Pattern Classification
The first edition, published in 1973, has become a classic reference in the field. Now with the second edition, readers will find information on key new topics such as neural networks and statistical pattern recognition, the theory of machine learning, and the theory of invariances. Also included are worked examples, comparisons between different methods, extensive graphics, expanded exercises and computer project topics.
An Instructor's Manual presenting detailed solutions to all the problems in the book is available from the Wiley editorial department.
Why Read This Book
You should read this book because it gives a clear, mathematically grounded introduction to statistical pattern recognition and early neural-network methods, tying theory to worked examples and projects. You will gain the conceptual tools to design, analyze, and compare classifiers used in signal-processing problems such as speech/audio recognition, radar detection, and communications demodulation.
Who Will Benefit
Engineers and graduate students working on signal-processing problems that require classification, detection, or supervised learning—especially those translating statistical theory into practical DSP systems.
Level: Intermediate — Prerequisites: Undergraduate probability and statistics, linear algebra, and calculus; familiarity with basic signal-processing concepts and some programming for experiments.
Key Takeaways
- Understand Bayesian decision theory and how to derive optimal classifiers under different cost/prior assumptions.
- Implement and compare parametric and nonparametric classifiers (Gaussian discriminants, k-NN, Parzen windows) and assess their trade-offs.
- Design and evaluate feature-extraction and dimensionality-reduction strategies to improve classifier performance on real signals.
- Apply expectation-maximization and mixture models for density estimation and unsupervised structure discovery.
- Use neural-network classifiers and understand their relation to classical statistical methods.
- Estimate classifier performance reliably through error estimation, cross-validation, and bias/variance considerations.
Topics Covered
- 1. Introduction and Background
- 2. Bayesian Decision Theory and Classification
- 3. Classifiers Based on the Normal Density (Linear/Quadratic Discriminants)

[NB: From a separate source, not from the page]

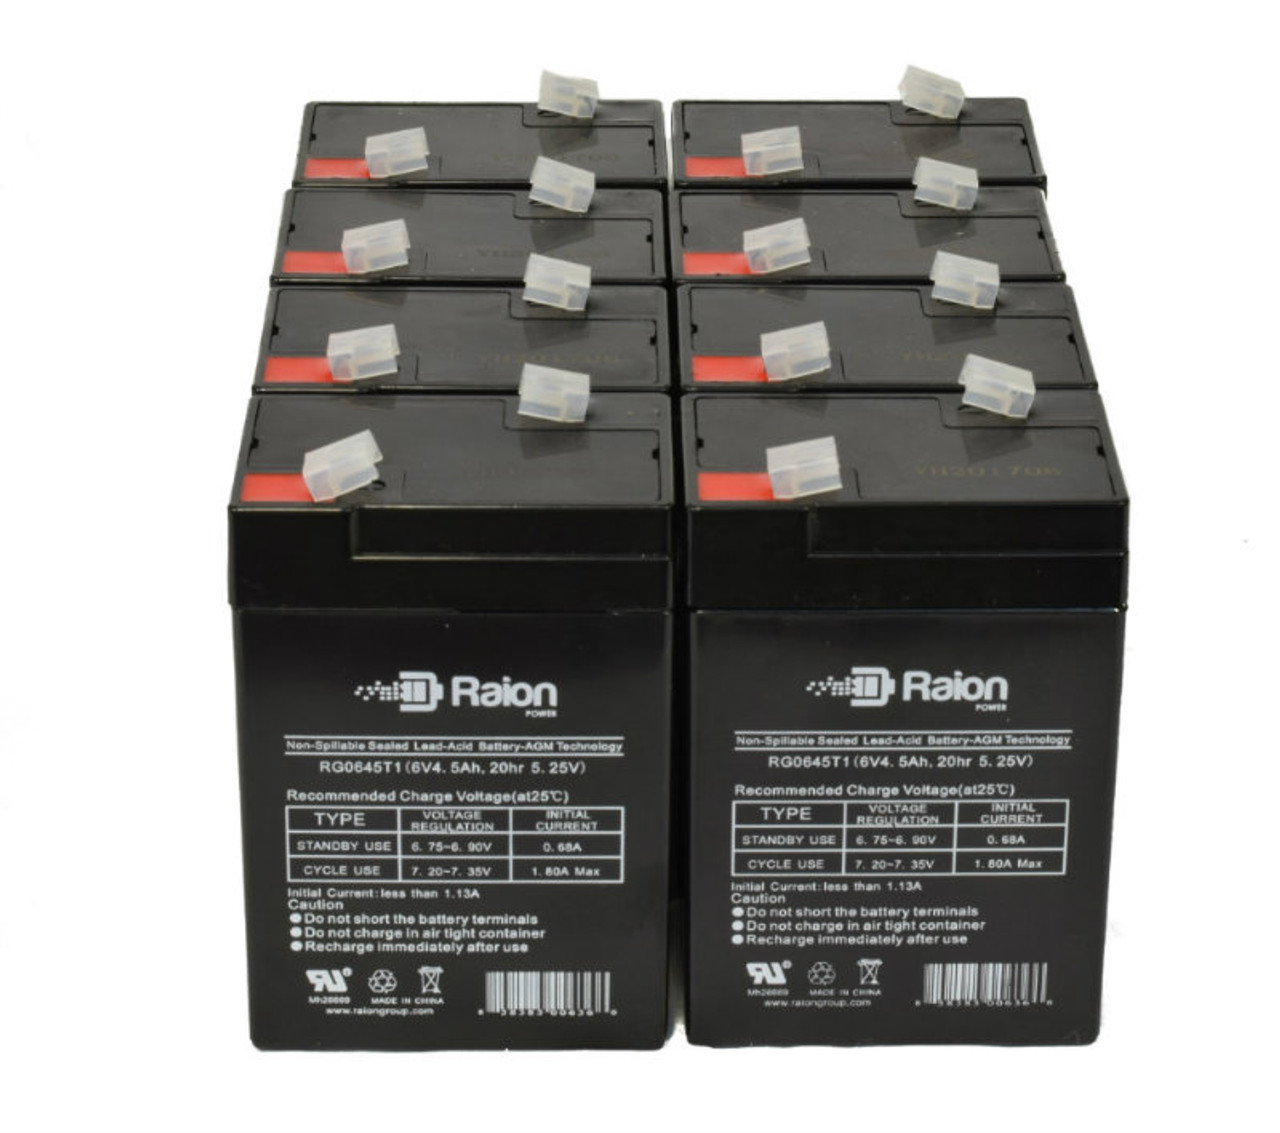 Raion Power RG0645T1 6V 4.5Ah Replacement Medical Equipment Battery for Abbott Laboratories 1050 Controller - 8 Pack

- 4. Nonparametric Techniques: k-NN and Parzen Windows
- 5. Density Estimation and Mixture Models (EM Algorithm)
- 6. Linear Feature Extraction and Dimensionality Reduction
- 7. Neural Networks and Practical Learning Algorithms
- 8. Clustering and Unsupervised Learning
- 9. Error Estimation, Model Selection, and Cross-Validation
- 10. Invariances, Representations, and Practical Considerations
- Appendices: Mathematical Background and Worked Examples
Languages, Platforms & Tools
How It Compares
Covers the same foundational territory as Bishop's 'Pattern Recognition and Machine Learning' and Hastie/Tibshirani/Friedman's 'The Elements of Statistical Learning' but is older and more concise—Duda et al. is especially strong on classical decision theory and intuitive examples, while Bishop/ESL offer more modern Bayesian treatments and broader, up-to-date ML coverage.